The Bivariate Normal Experiment: The Java applet needed for the following two activities can be found in the SOCR site: http://socr.stat.ucla.edu/htmls/SOCR_experiments.html

• Setting: This experiment consists of selecting values for the random variables X and Y which are jointly normally distributed as a bivariate normal f(X,Y) with parameters μx = 0, μy = 0, σx=”a value of your choice” , σy=”a value of your choice” , and ρ=”a value of your choice”. The first objective of our activity is to see how the location of the base of the distribution and its spread changes as the parameters change. The second objective is to see how no matter what the values of the parameters are, the marginal distribution of X and the marginal distribution of Y are both normal, with more or less spread depending on the values you assign to the parameters. The points you select on the left hand side diagram, which shows the area above which the normal density lies (or area of integration), can be chosen by setting stop=10,000 update=100 and then clicking on the <RUN> button.

### See what happens when ρ and the standard deviation of Y, σy, are constant, and the standard deviations of X, σx, increases

• Exercise 1: Next, set ρ = 0.6,σx = 1.3 and σy = 1.1 and select the 10,000 points as indicated above. Write down the mean and standard deviation of the numbers you generated and the correlation. Save the picture.
• Exercise 2: Now, change only the standard deviation of X from 1.3 to 2. Write down the means, standard deviations and correlations of numbers you gnerated. Save the picture.
• Exercise 3: Compare the pictures generated in Exercise 1 and 2 above. What would you say is the effect on the joint distribution f(X,Y) of increasing the standard deviation of X, other things held constant. Write your comments here.
• Exercise 4: Compare the marginal densities for X and for Y in Exercise 1 and 2. Which density is more spread out?
• Exercise 5: Compare the regression lines in Exercise 1 and 2. Make your comparison in terms of the slope.

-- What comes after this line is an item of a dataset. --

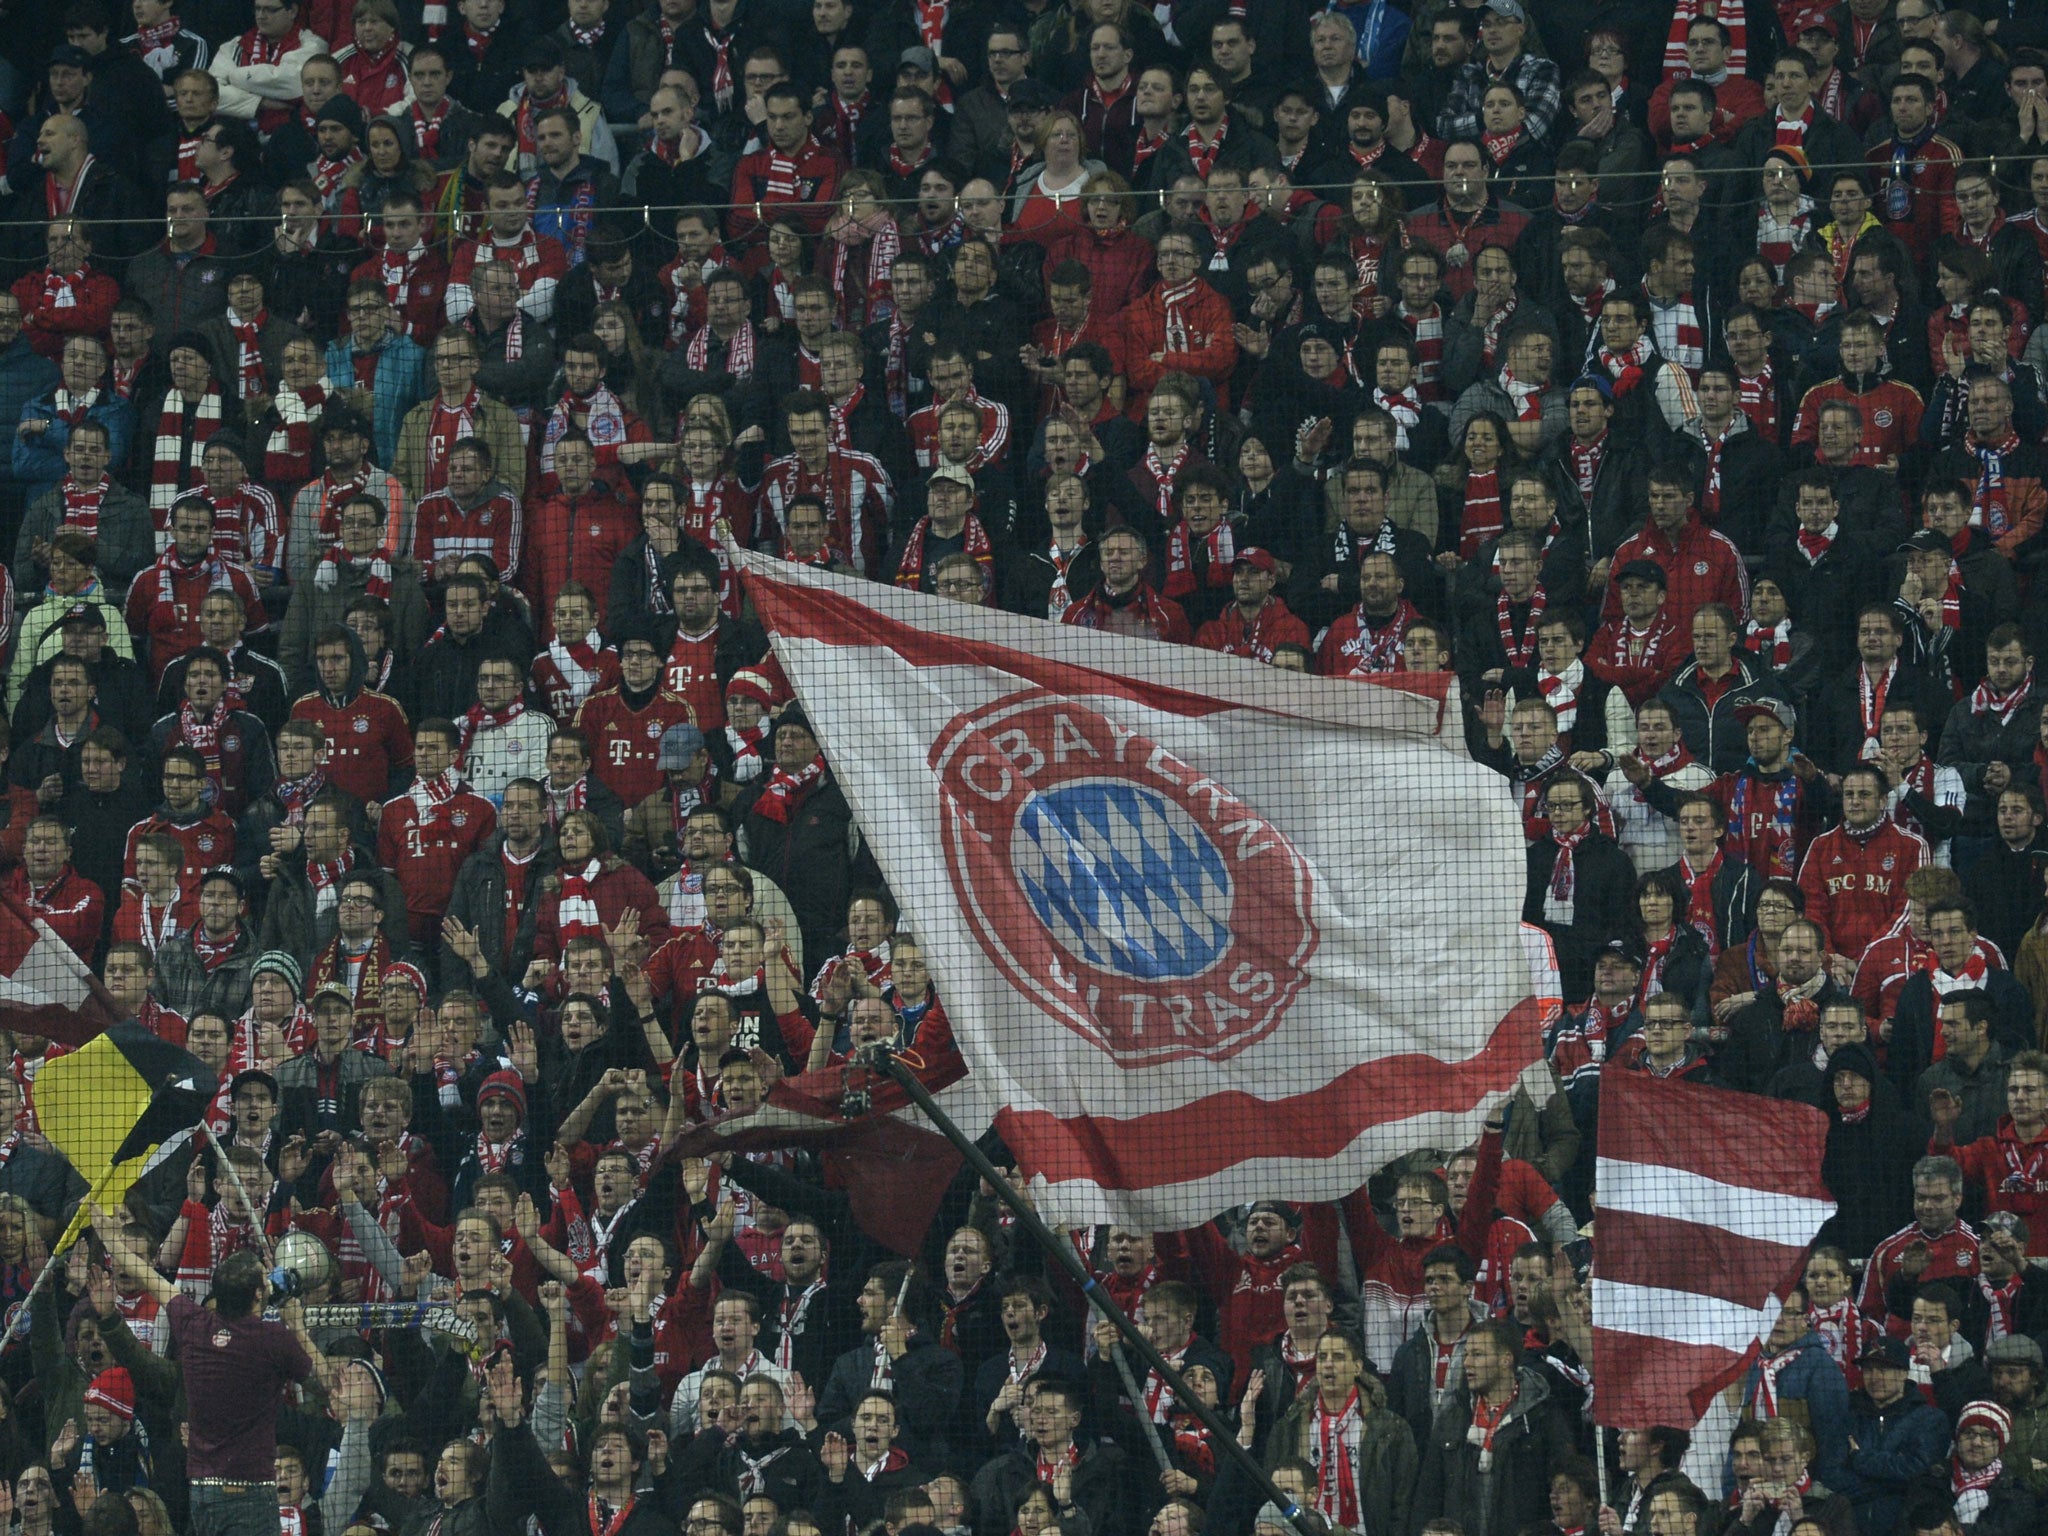 Bayern Munich's fans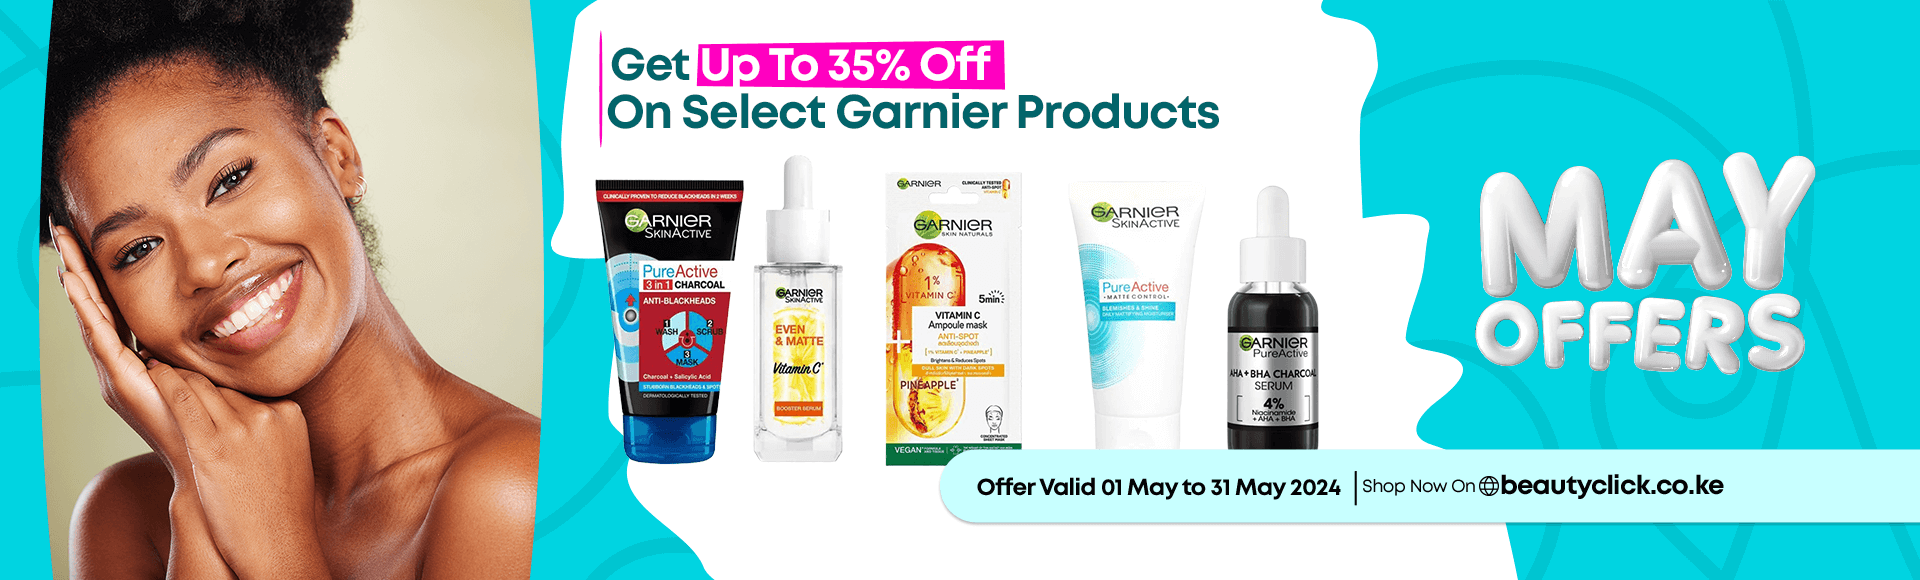 Garnier SkinActive 4% AHA + BHA & Niacinamide Charcoal Face Serum - 30ml

### See what happens when the standard deviations of X and Y are fixed and the correlation increases

• Exercise 6: Fix now the standard deviation of X to 1.3 and the standard deviation of Y to 1.1 and the correlation coefficient to 0.9. Print a screenshot of the pictures, means, standard deviations and correlations in your data. Compare your pictures to those in Exercise 1.
• Exercise 7: According to your results in execrsize 1, what has happened to the joint density function of X and Y as the correlation coefficient has increased? What has happened to the regression line? What has happened to the marginal densities of X and of Y?

### Write here the joint density function of X and Y with parameter values as in Exercise 1

• Exercise 8: Write the formula for the marginal density of X and the marginal density of Y with parameter values as given in Exercise 1. Write the formulas for the conditional densities of X given Y and Y given X, with parameter values as given in Exercise 1. Write then the regression lines that follow from these densities.